主イエス・キリストがもっておられる権威は、人が人を利己的に支配するために行使する権威とは異なっていて、その言葉によって命を確実にもたらすためのものです。何ものにも代えることのできない、私の、そして私たちの、大切な命の源がそこで保たれます。ガダラで二人の人が悪霊から解放されたとはいえ、イエスを拒否したその町全体にはまだ悪霊の諸力が働いていて、人々が「墓場」から解放されたわけではありません。私たちの暮らすこの町、また日本の社会、世界も同じではないでしょうか。見えない力に抑圧されて、生きる価値を見出せなくて、自分で命を絶つ人の群れが、日本ばかりでなく世界の先進諸国に見られます。雪崩打って海に飛び込むといえるほどの数の多さに圧倒されます。その原因については、社会学的に、病理学的に、何らかの説明がつくのかも知れませんが、そこに働く目に見えない力を「悪霊」と言っては憚られるでしょうか。墓場につなぎ止められているように、生きて活動している社会から締め出されている無数の人々もあります。そして、その同じ社会に暮らす人々の生活も、「豚を失う」ことを恐れて、死んでいる人々の世界から抜け出せないでいるように思えます。

イエス・キリストは、弟子たちを伴って、そこへと舟をこぎ出して行かれるお方です。それは、悪霊の支配に終わりをもたらすためにです。悪霊に対する裁きは、世の終わりにとって置かれることなく、イエス・キリストが世に来られた時から始められています。悪霊を追い出し、人を墓から解放するのは、神の権威をもった主の御言葉です。私たちが信じるイエス・キリストは、この世界に働くあらゆる諸力を越えた権威をもったお方です。それは、私たちが最終的に信頼を置く、唯一の拠り所です。その信仰によって私たちは目に見えない世の力から解放されて、御言葉に従った指針をもって人生の終わりまで歩むことが出来ます。

私たちが福音宣教に召されているのは、人の命を拘束する死の力から、主イエス・キリストが御自身の福音によって解放されるためです。
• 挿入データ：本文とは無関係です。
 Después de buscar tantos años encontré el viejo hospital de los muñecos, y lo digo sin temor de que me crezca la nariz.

確かに、私たちが「出て行け」と叫んだからと言って、自分や隣人の心の病が癒されるわけでもありません。神の権威をもっておられるイエス・キリストの奇跡を私たちが再び演じて見せることが宣教の手段や目的ではなくて、主イエスが聖書に託された御言葉が、私たち個人や、また私たちが暮らすこの町や日本の社会や世界を悪霊から解放することを信じて、これを語り伝えます。力ある御言葉を、主イエスは先に山上の説教として弟子たちにお語りになりました。そのように、「敵を愛せ」という言葉がこの世に愛を生みだすということが起こります。「赦しなさい」ということばが憎しみ合う間柄に和解をもたらすことが起こります。そうして、墓場に縛り付けられていた人々が、神によって生かされる本当の命に目覚めさせていただきます。そういうことを、真剣に信じて従うのがキリストの弟子に召された私たちです。主イエスはそういう私たちと同じ舟に乗って、私たちを連れてあちこちの岸辺に向かわれます。小さい信仰といわれる私たちは嵐に怯えたりしながらも、主が率先して行かれる癒しの業についていって、そのお働きに仕えます。そして、最後は天の国の岸辺に共に降り立つのです。
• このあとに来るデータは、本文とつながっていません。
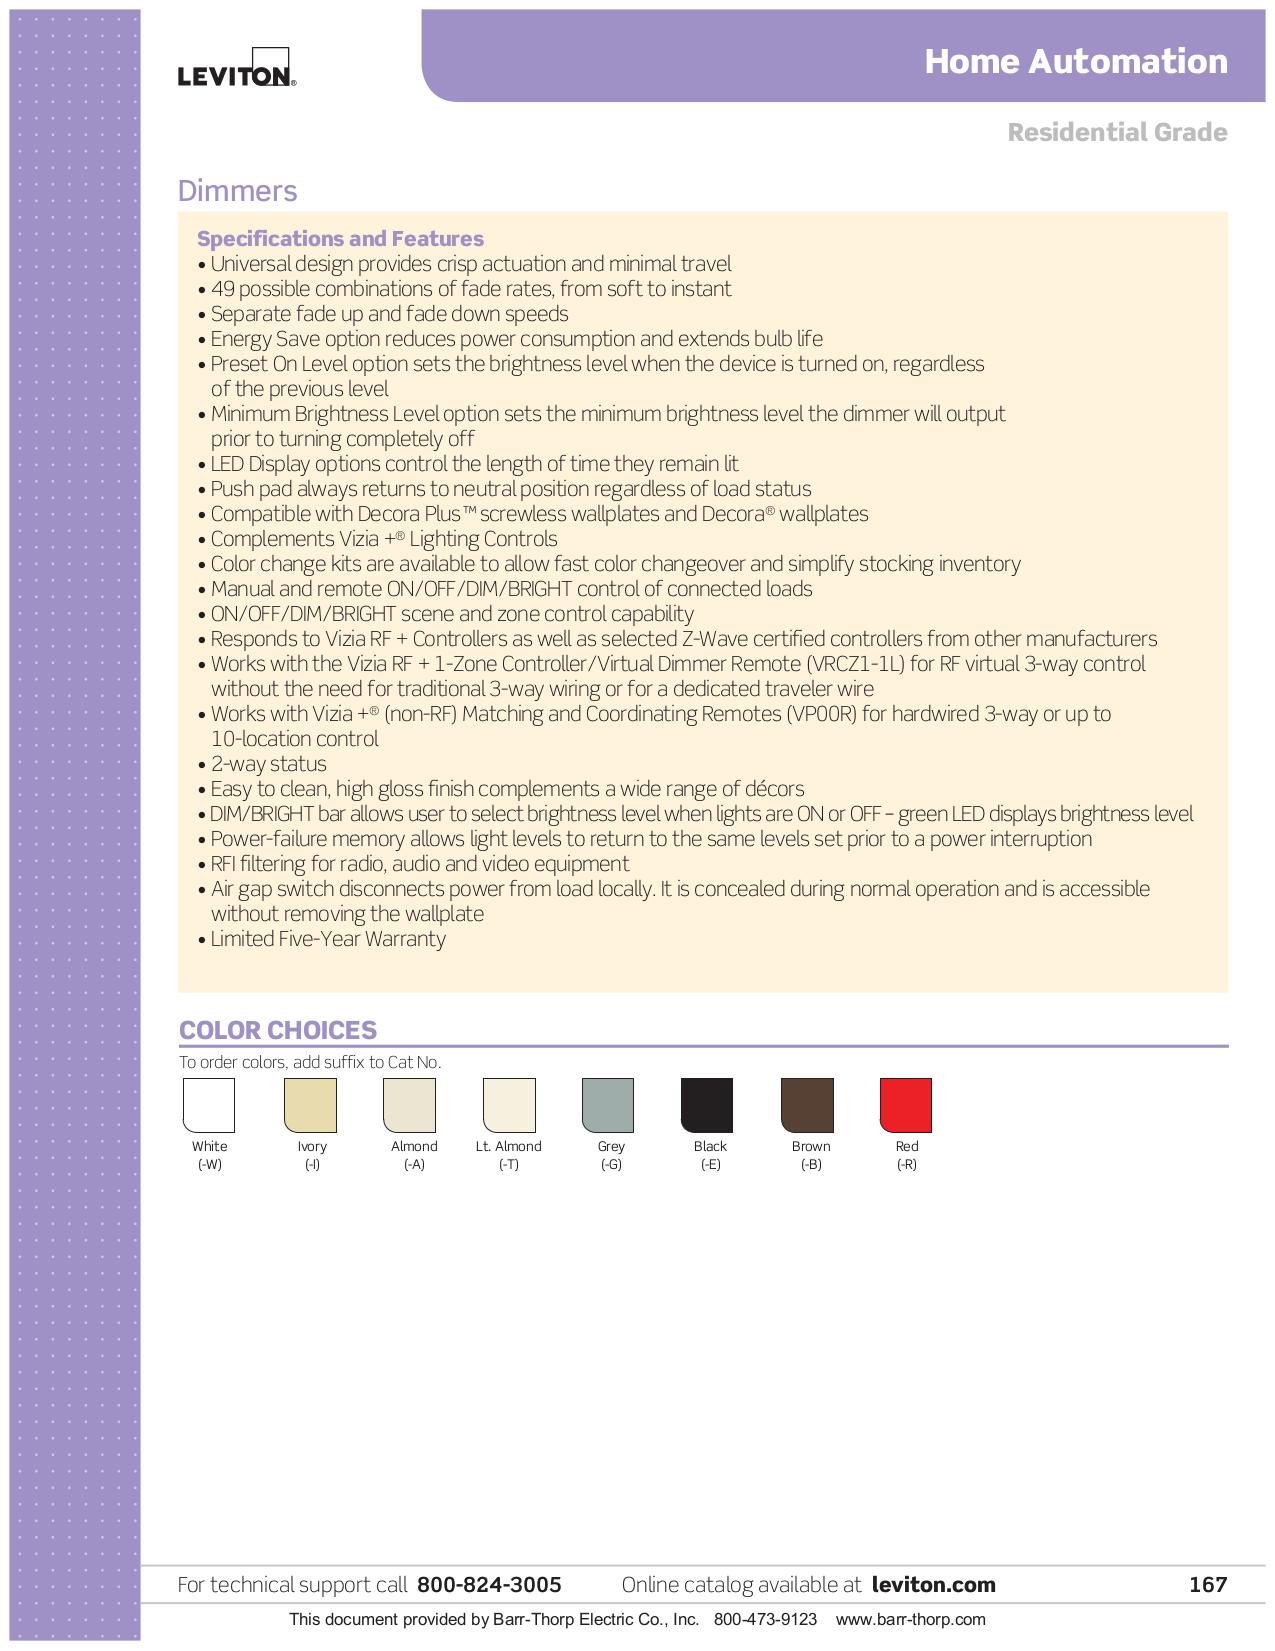 PDF manual for Leviton Remote Control HCCKR

悩み苦しむ隣人たちと接しながら時代の重さを感じる時に、私たちは御言葉の内にある神の権威に心を目覚めさせられて、希望を失わないでいたいと願います。「あなたが信じた通りになるように」と主は言われます。それを信じて聴くということ、また信じて語るということが、実際に実りを生みます。キリストの言葉による解放を待つ多くの方々の処へ、私たち自身が福音をもって出かけて行って、キリストの弟子たる務めを果たしたいと思います。

 

祈り

天の父なる御神、この時代の閉塞感の中で、目に見えない力に抑え込まれて生きる力を失う多くの人々があることをあなたはよくご存じです。言葉に力のない私たちをどうか憐れんでくださって、あなたがお示しくださる真理の言葉をお与えくださり、救いを求める隣人のもとへとお遣わしください。聖霊のお働きによって、私たち自身をまた主の教会を命の活力に満ちた場所としてくださり、心から主イエスに従う信仰をもって、世に働く悪霊の力に打ち勝たせてください。主イエス・キリストの御名によって祈ります。アーメン。